Всю мою жизнь я был религиозен. Был в Лионе под обстрелом во время осады в проклятом 93 году. Я причащаюсь, каждое воскресенье бываю у обедни в приходской церкви. Никогда не пропускал Пасхальной службы, даже в гнусном 93 году. Кухарка, – до революции у меня были слуги, – кухарка моя блюдет посты по пятницам. Я пользуюсь в Верьере общим уважением, смею думать заслуженным. В процессиях я иду под балдахином, рядом с господином кюре и господином мэром. В исключительных случаях я несу большую свечу, купленную на собственный счет. Все отзывы обо мне находятся в Париже в министерстве финансов. Я прошу у господина маркиза лотерейную контору в Верьере, которая вскоре останется так или иначе без начальника, ибо он очень болен, к тому же подает голос на выборах не как следует и пр.
Де Шолэн».
На полях этого прошения была приписка де Муаро, начинавшаяся следующими словами:
«Я имел честь говорить вчерась о верноподданном, обращающемся с этою просьбою и так далее».
«Итак, даже болван де Шолэн указывает мне путь, которым надо следовать», – сказал себе Жюльен.

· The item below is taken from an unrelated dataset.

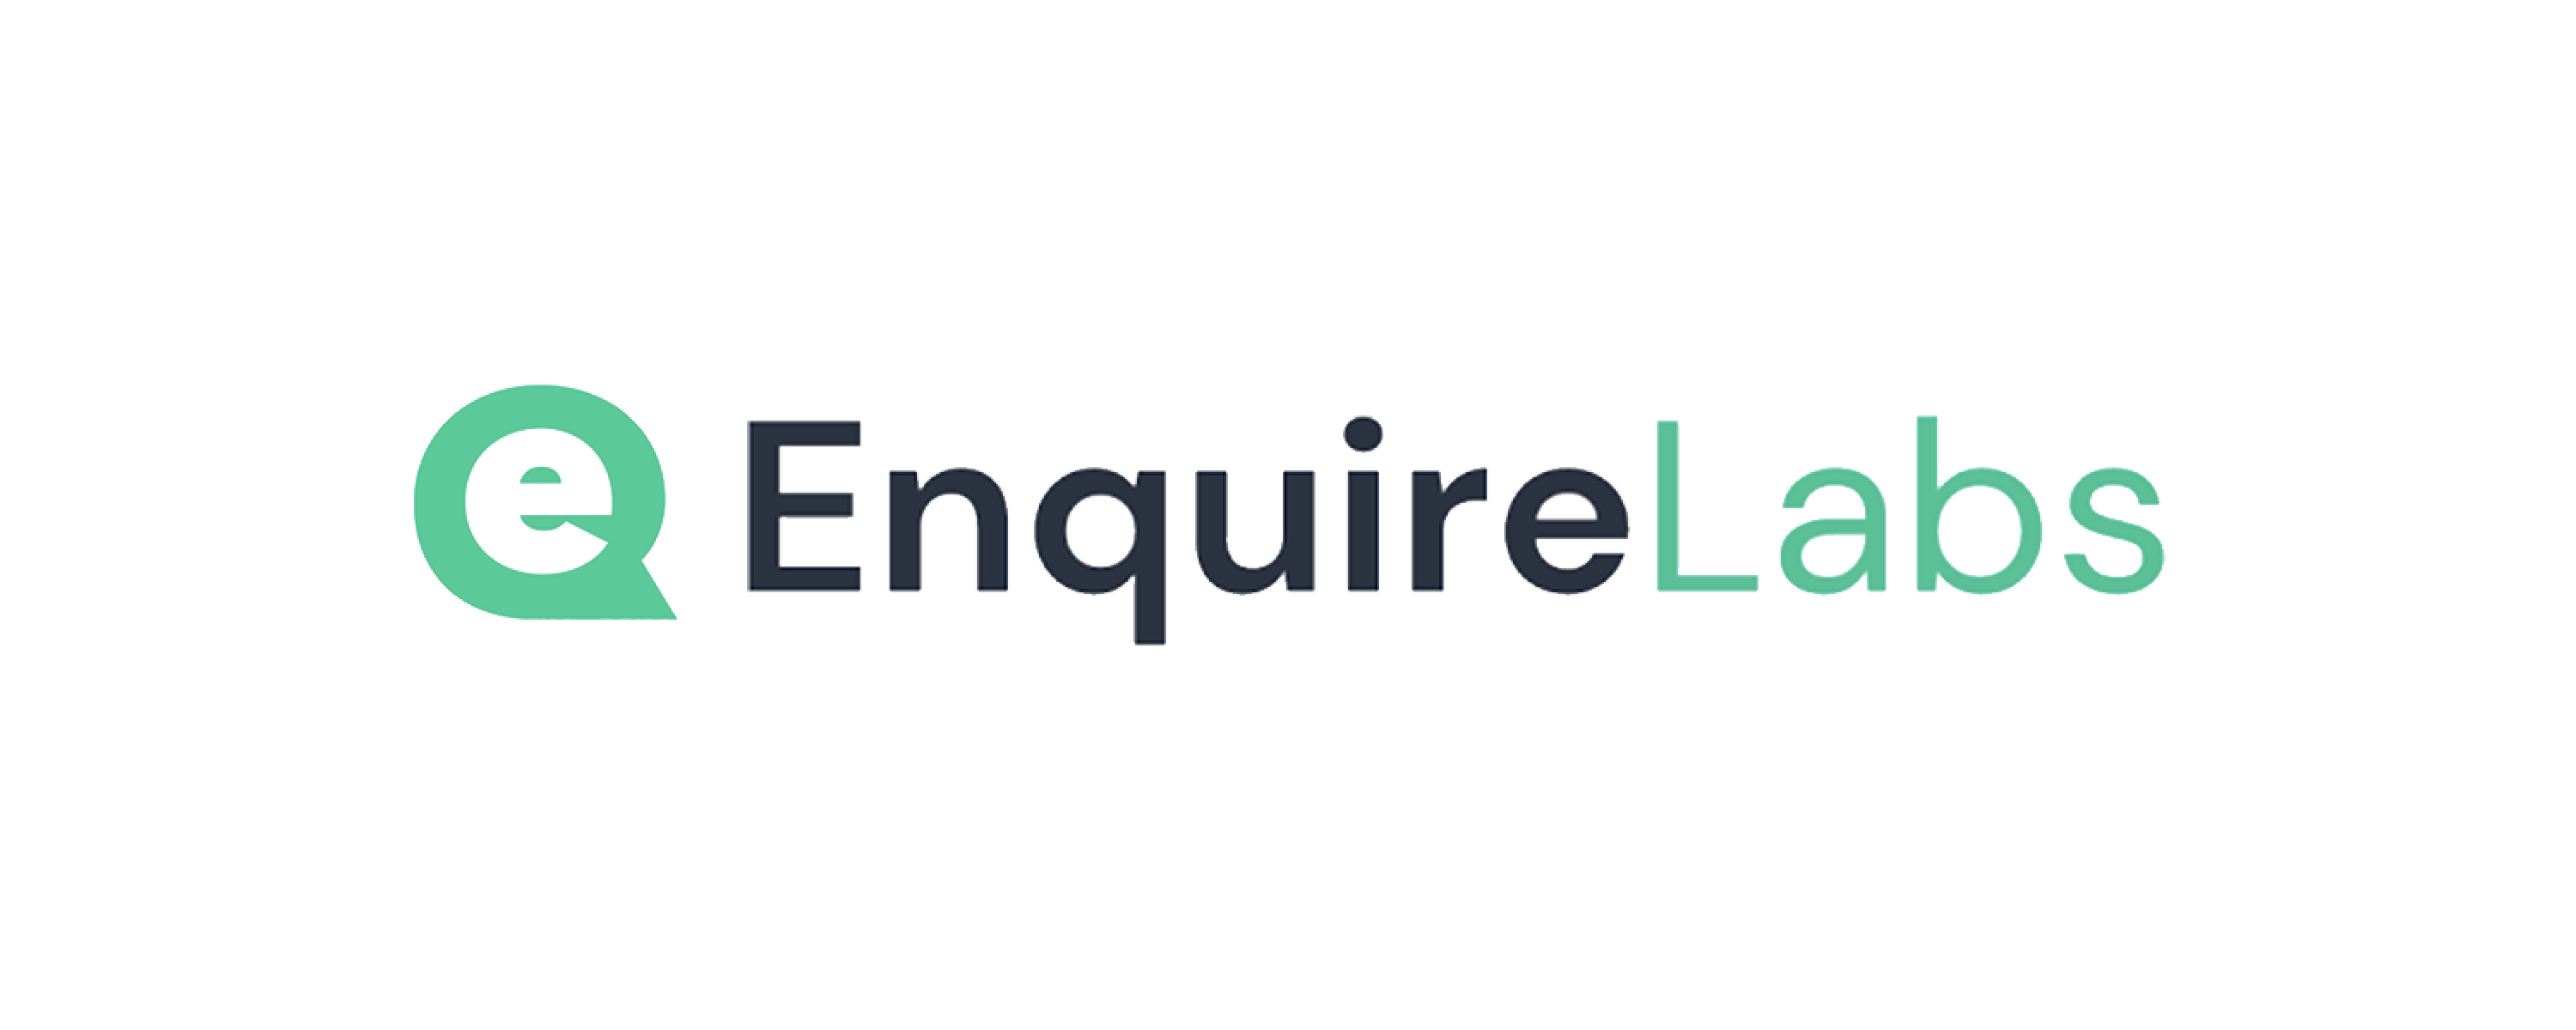 Enquire logo

Неделю спустя после посещения королем Верьера распространились бесчисленные сплетни, глупейшие рассказы, комичные споры и т. п., предметом которых являлись по очереди король, епископ Агды, маркиз де Ла Моль, десять тысяч бутылок вина, бедняга Муаро, упавший с лошади и не выходивший из дому после этого целый месяц в ожидании ордена, все еще говорили о чрезвычайном неприличии неожиданного назначения в почетную охрану Жюльена Сореля, сына плотника. На этот счет надо было послушать рассуждения богатых мануфактурщиков, которые с утра до вечера надрывались в кафе, проповедуя равенство. Эта надменная дама, госпожа де Реналь, придумала такую гнусность. Причина? Прекрасные глаза и румяные щеки юного аббата Сореля.
Вскоре после возвращения в Вержи Станислав-Ксавье, младший из детей, заболел; внезапно госпожа де Реналь предалась страшному раскаянию. В первый раз она стала упрекать себя за свою любовь с некоторою последовательностью; она словно чудом прозрела, поняла, в какое громадное заблуждение позволила себя вовлечь; несмотря на свою искреннюю религиозность, до сих пор она не думала о громадности своего преступления перед Богом.
Когда-то в монастыре она страстно любила Бога; теперь она так же страстно боялась его. Сомнения, раздиравшие ее душу, были тем ужаснее, что в страхе ее отсутствовала всякая рассудительность. Жюльен заметил, что малейшее рассуждение раздражало ее, нисколько не успокаивая; она видела в этом внушение сатаны, но так как Жюльен сам очень любил маленького Станислава, то она выслушивала его, раз дело шло о болезни; а она приняла вскоре опасный оборот. Тогда постоянные угрызения совести лишили госпожу де Реналь сна; она впала в какое-то мрачное оцепенение; и если бы заговорила, то только для того, чтобы признаться Богу и людям в своем преступлении.
– Заклинаю вас, – говорил ей Жюльен, лишь только они оставались одни, – не говорите ни с кем; пусть я буду единственным посвященным в ваши страдания. Если вы меня любите, не говорите ничего; ваши слова не вылечат нашего Станислава.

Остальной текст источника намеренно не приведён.